Она уже почти решилась поддаться соблазну совместного бегства, но вовремя опомнилась и обречённо произнесла:

— Я сейчас не могу себе это позволить. Летом я буду в Бадене, жильё уже снято.

— Ладно, я тоже поеду в Баден.

Он не сдастся, пока Жозефина не скажет: «Я больше вас не люблю» или что-нибудь столь же губительно бесповоротное. Но как такое сказать, глядя прямо ему в глаза?.. Говорить с ним приходится, стоя близко как только возможно, потому что иначе он половины слов не расслышит.

— Моя единственная возлюбленная… Не надейтесь, что я отступлюсь. И поймите, что счастливы вы можете быть лишь со мной. Как и я — лишь с вами. Подумайте. Не торопитесь. Ну… прощайте. Стало быть, увидимся в Бадене.

Она грустно кивнула, вновь не решившись поставить точку в конце затянувшегося романа, в котором уже начали повторяться и сцены, и диалоги.

Значит, это мучение так и будет длиться — месяцами, годами…

* * *

Летом 1807 года Бетховен был занят в основном работой над Мессой до мажор, заказанной князем Николаем Эстергази. Заказ нужно было выполнить точно в срок, ибо 13 сентября предполагалось исполнение Мессы в церкви Эйзенштадта по случаю именин княгини Марии Герменегильды. С 1796 года? на этих торжествах исполнялись мессы Гайдна, так что ответственность была велика. Думается, что к Бетховену князь решил обратиться не без влияния своей жены и, возможно, не без рекомендации самого Гайдна. Среди эскизов бетховенской Мессы имеются выписки из предпоследней мессы Гайдна, носящей неавторское название «Сотворение мира», поскольку в ней использована цитата из одноимённой оратории. Разумно предположить, что Бетховен, прежде чем браться за работу, мог посоветоваться с учителем относительно принятых в Эйзенштадте условностей, исполнительских возможностей капеллы и прочих важных деталей. Никто не знал этого лучше, чем Гайдн.

Месса сочинялась в нервной и тягостной обстановке: всё лето Бетховена мучили изнурительные головные боли. Их причиной оказался зуб, который пришлось удалить, но приступы головной боли продолжались до осени. Помимо плохого самочувствия его угнетали зашедшие в тупик отношения с Жозефиной. Она также проводила лето в Бадене, и они, вероятно, порой встречались то в парке, то в церкви, то в других публичных местах. Но Бетховен не мог не чувствовать, что возлюбленная всё больше отдаляется от него.

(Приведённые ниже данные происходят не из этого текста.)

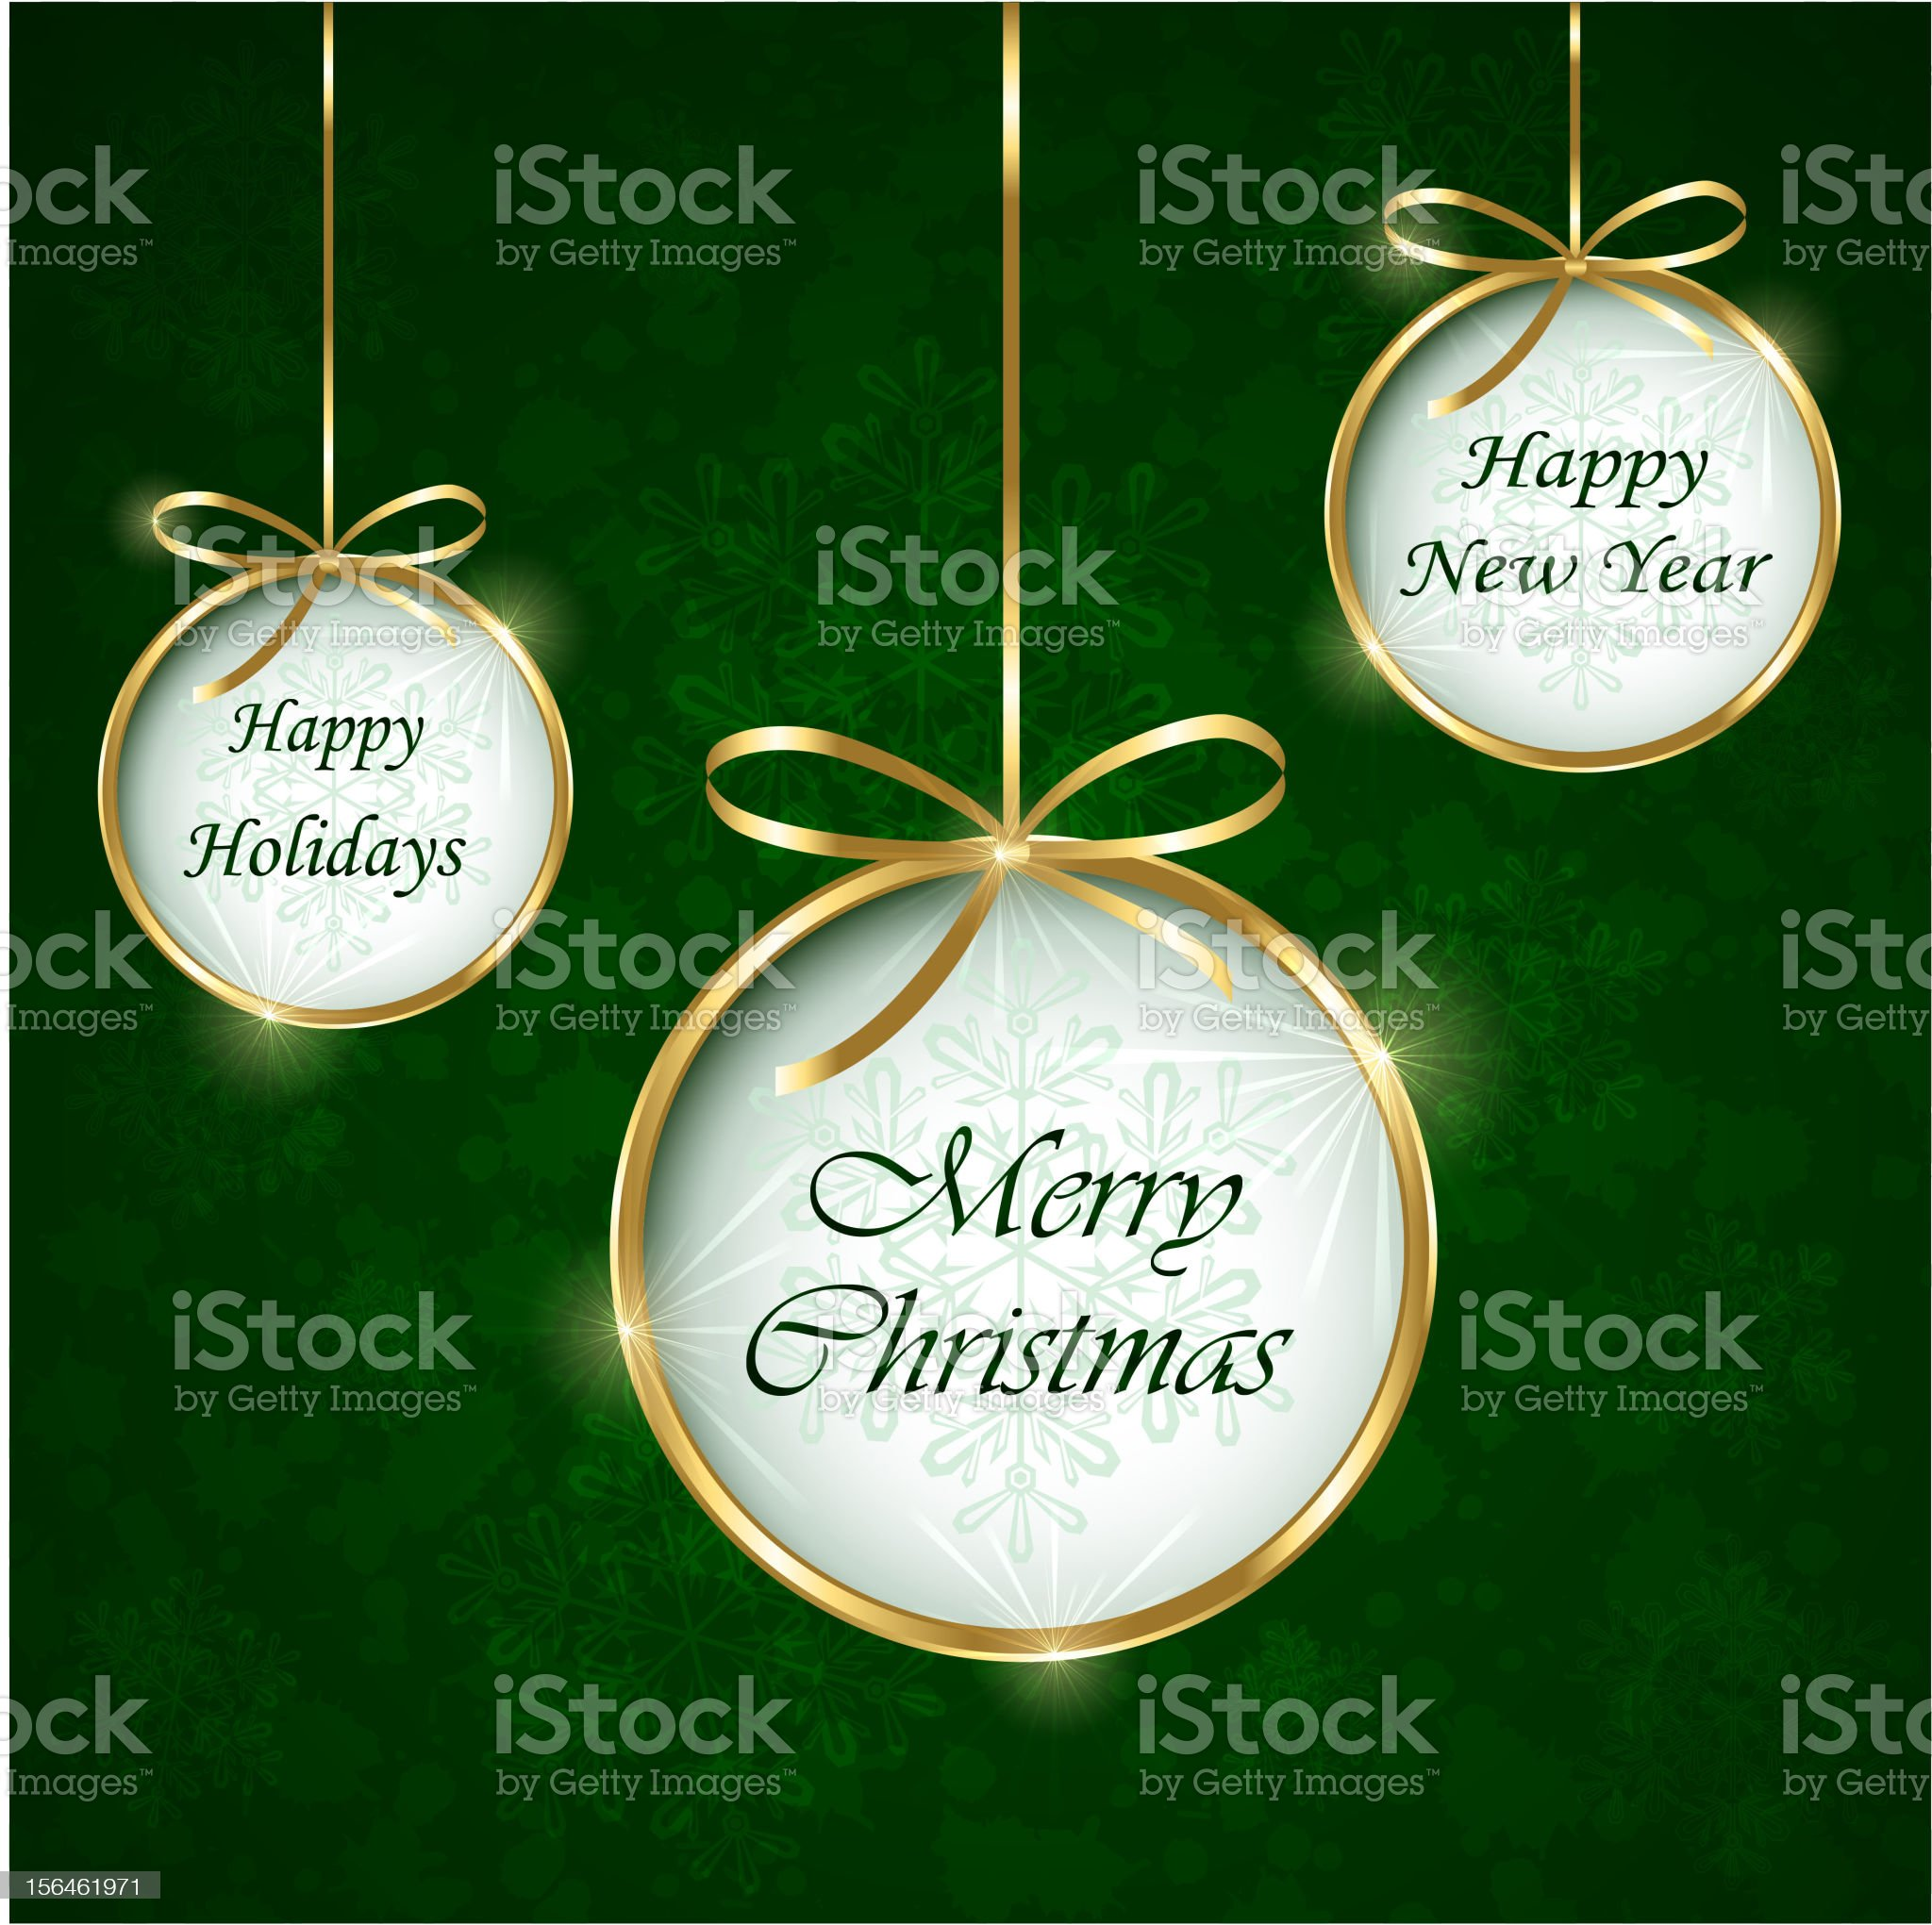 Green New Year and Christmas Holidays greetings card royalty-free stock vector art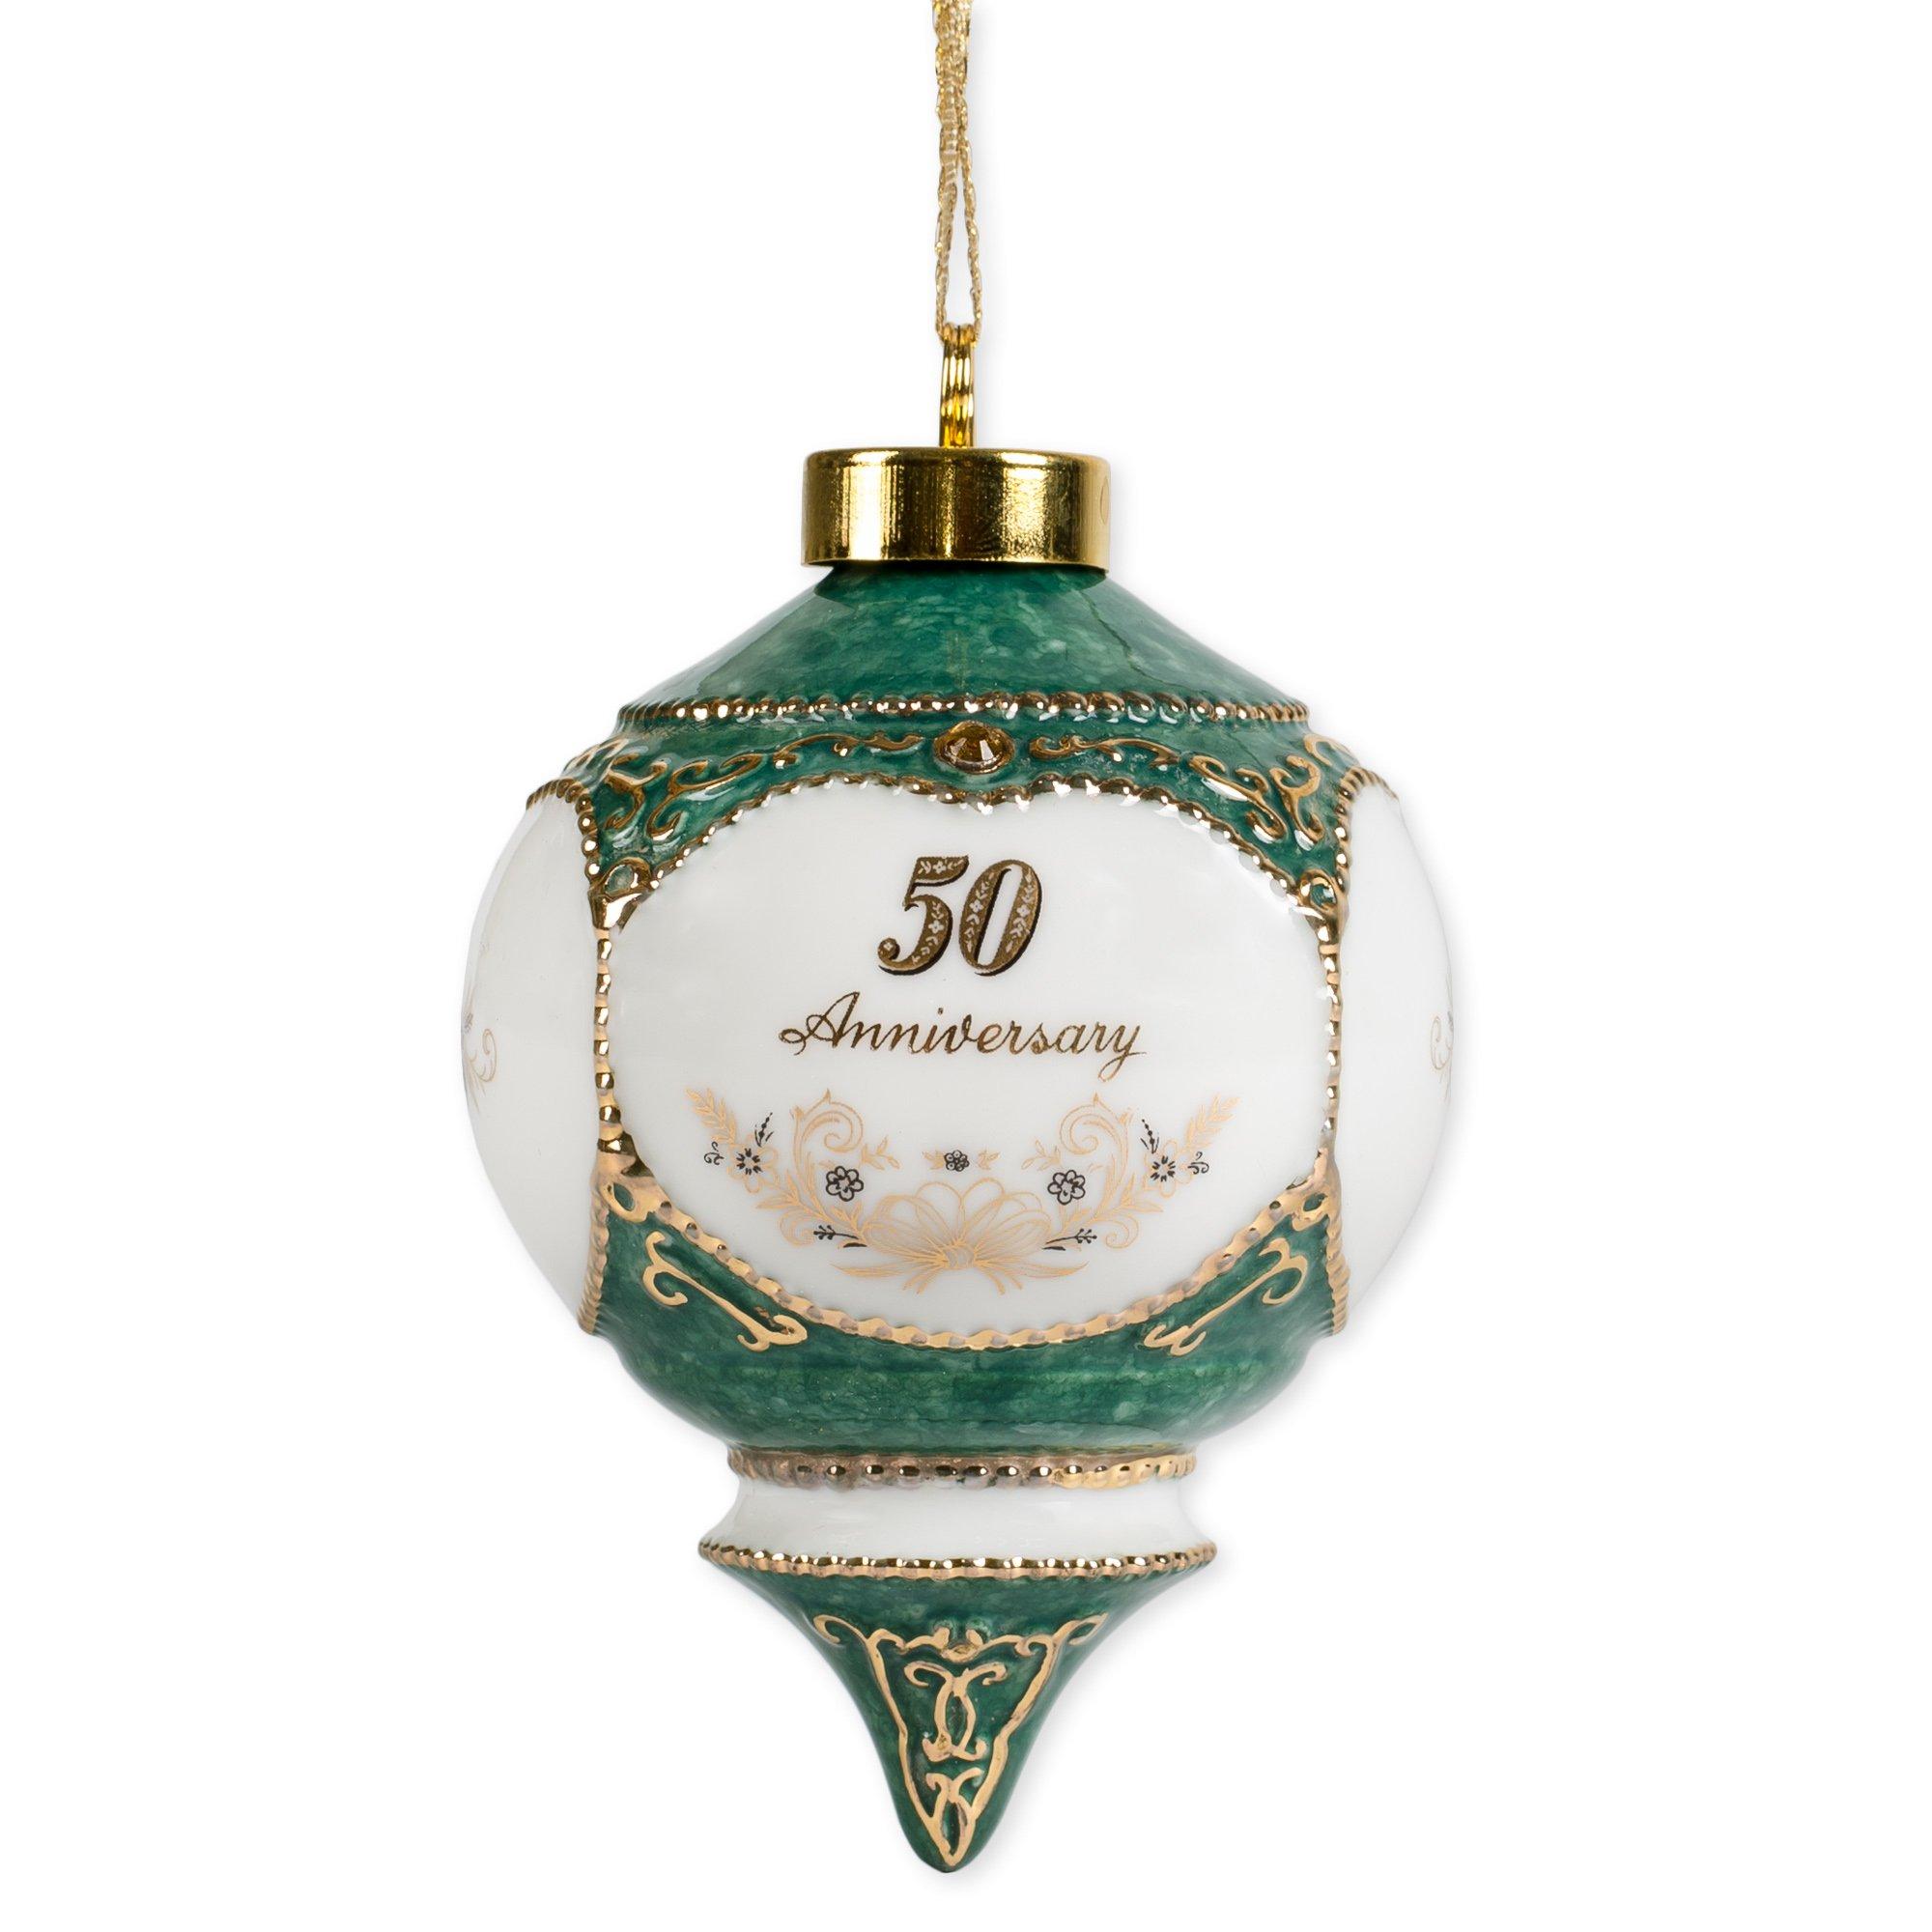 Happy 50th Wedding Anniversary Jewel Victorian 4.5 Inch Ball Hanging Ornament

Может быть, он и сам в какой-то момент перестал домогаться встреч и отложил все объяснения до сентября, когда закончатся празднества в Эйзенштадте.

Торжественное богослужение в честь именин княгини Эстергази состоялось 13 сентября 1807 года; за день до этого в церкви прошла репетиция, которой князь был очень недоволен. Присутствовал ли на репетиции Бетховен, неизвестно, однако на премьере он был. И далее произошла совершенно непонятная история, описанная в шиндлеровской «Биографии Бетховена»:

«По обычаям этого двора после окончания богослужения все местные и приезжие музыкальные знаменитости собирались в покоях князя, чтобы обсудить исполнявшееся произведение. Едва Бетховен вошёл, князь обратился к нему с вопросом: „Но, любезный Бетховен, что же вы там опять натворили?“ Этот странный вопрос, за которым, вероятно, последовали дальнейшие критические замечания, произвёл на нашего мастера тем более чувствительное впечатление, что он увидел, как смеётся стоявший рядом с князем капельмейстер. Он принял это на свой счёт и не пожелал больше оставаться там, где с таким презрением отвергли его труд, тем более что ему казалось, будто по этому поводу злорадствует его собрат по искусству. В тот же день он покинул Эйзенштадт».

Шиндлер полагал, что некстати развеселившимся капельмейстером был Иоганн Непомук Гуммель, и сообщал далее, что Бетховен порвал с ним дружеские отношения вплоть до весны 1827 года, когда Гуммель навестил его, лежащего на смертном одре. Прощальный визит Гуммеля — чистая правда, всё остальное — фантазии или откровенный навет. Во-первых, в 1807 году Гуммель не был капельмейстером Эстергази, хотя и служил при его дворе. Исполнением Мессы, как явствует из сохранившегося письма князя от 12 сентября 1807 года, руководил вице-капельмейстер Иоганн Непомук Фукс. Во-вторых, никакого разрыва Бетховена с Гуммелем не произошло, о чём свидетельствуют письма Бетховена 1813 и 1814 годов. В-третьих же, как явствует из документов архива Эстергази, Бетховен вовсе не покинул Эйзенштадт «в тот же день». Он оставался гостем князя вплоть до 16 сентября и, вероятно, надеялся вернуть его расположение, устроив концерт из своих произведений (Бетховен взял с собой партитуру Четвёртой симфонии и Четвёртого фортепианного концерта, которые отдал в переписку эйзенштадтскому копиисту — об этом есть письменное примечание Гуммеля на соответствующем счёте).

Возможно, зерно истины в тексте Шиндлера всё-таки имеется. Приведённая им реплика князя Эстергази вполне согласуется с пассажем из письма князя графине Генриетте Зелинской: «Месса Бетховена невыносимо смешна и отвратительна, и я не думаю, что её вообще можно прилично исполнить. Из-за этого я испытываю гнев и стыд». То есть Эстергази был действительно шокирован бетховенской Мессой.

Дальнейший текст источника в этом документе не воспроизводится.